Do you know how many IOUs have enterprise asset management up and humming along?
I really don't have a good sense of that, but I can say there are relatively few that I have seen that I think are where they want to be or should be. It's not nascent, but we're young in the institutionalization of what my broad view of what asset management can and should do to help a utility operate in a very high-performing, efficient and capital-deployment-effective mode. Is your capital deployed? Is it effective? Does it do the job and in a cost-efficient way?
What other observations would you like to share?

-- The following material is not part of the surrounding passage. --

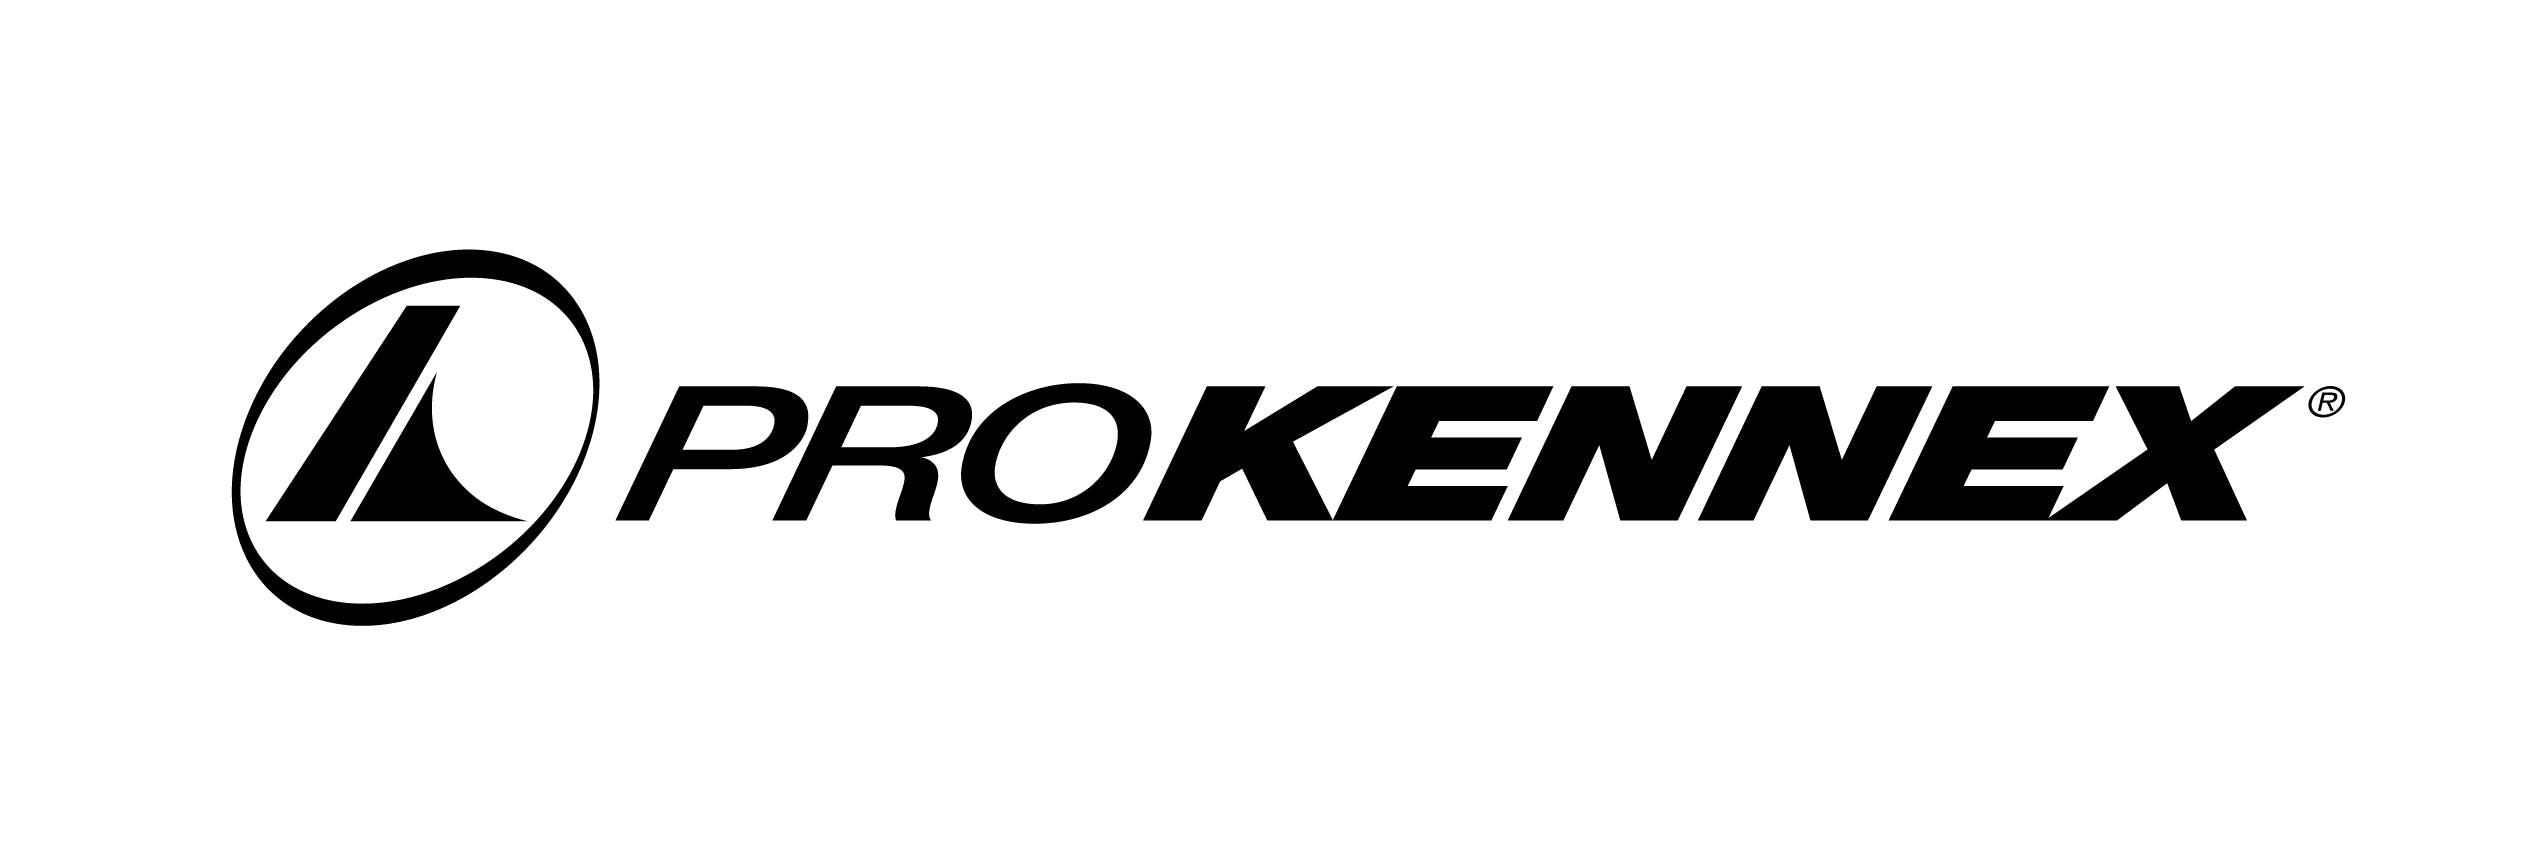 The ProKennex logo reads "ProKennex" in black.

One of my pet peeves. I have worked in installations of financial management, financial forecasting, budgeting, cost management, regulatory management, tools and systems for a broad range of IOUs. I've done custom cost reporting, I've worked to get their data "out of jail," I've worked in a broad range of applications, and the fact is that I still wind-up coming in after the fact to help utilities harvest the value out of these enormous applications that they put in. It is so difficult to get them to invert the process. We see it a little bit in the case of AMI/AMR where there are multiple technological paths and they're concerned about making technologically obsolecent decisions. They should take the same approach with enterprise asset management. In the first year, spend your time to really define, at an enterprise-wide level, facilitated by someone like R.W. Beck, what the vision is, what the functional needs are, what the future vision will look like and then go about writing the functional specifications and finding, selecting and implementing these tools. Now you can do it with performance testing, and you can pick more astutely and select implementation scheduling better and really know what you want to garner out of those applications.

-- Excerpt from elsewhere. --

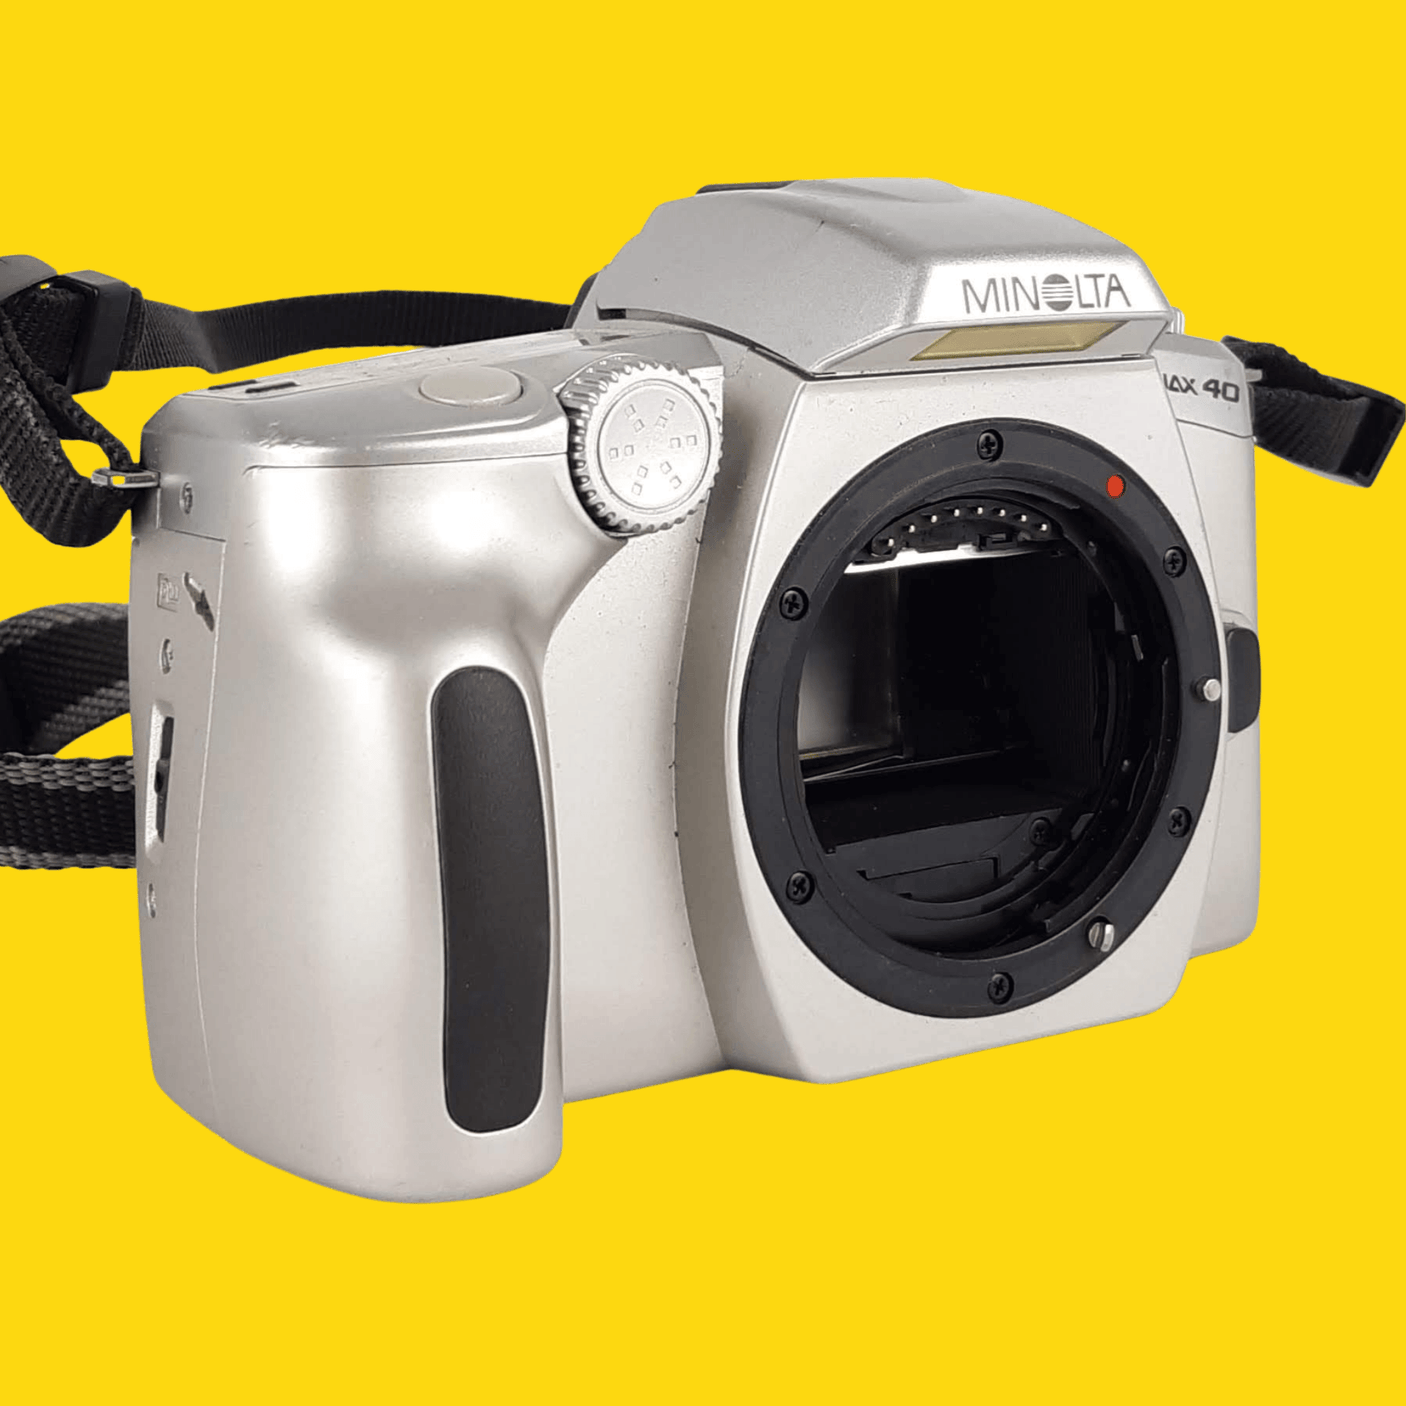 Minolta Dynax 40 Automatic 35mm SLR Film Camera - Body Only

And I thought you could just slap in the software and use it.
The most difficult aspect and challenge in any organization is getting the human element to change. Tools are easy compared to us humans. And that's the part that gets short-shrifted. If it's not working perfectly, we blame implementation but the fact is we don't recognize how difficult change management is. Some people see the vision but how it translates down into the pragmatic implemented efforts gets lost. To the extent that we can keep that focused early, I think the end results and efficiency improve multifold.
In many ways, I think this industry is at a crossroad where truly enabling technologies can fundamentally change the way we do business for the better, but it's going to take some very bold and insightful leadership that isn't just enamored with technology but recognizes the long-term, difficult process it will be to institutionalize those changes in the human resource element of the organizations. If we can stop being manual and dated and leverage current technologies, I think we can get information that heretofor has been onerous to collect and then harness computing power like we've never seen and let it help us with these decisions. In an industry that used to be called old and stodgy, I think we're going to break the way we've done business in the past. And that's very exciting.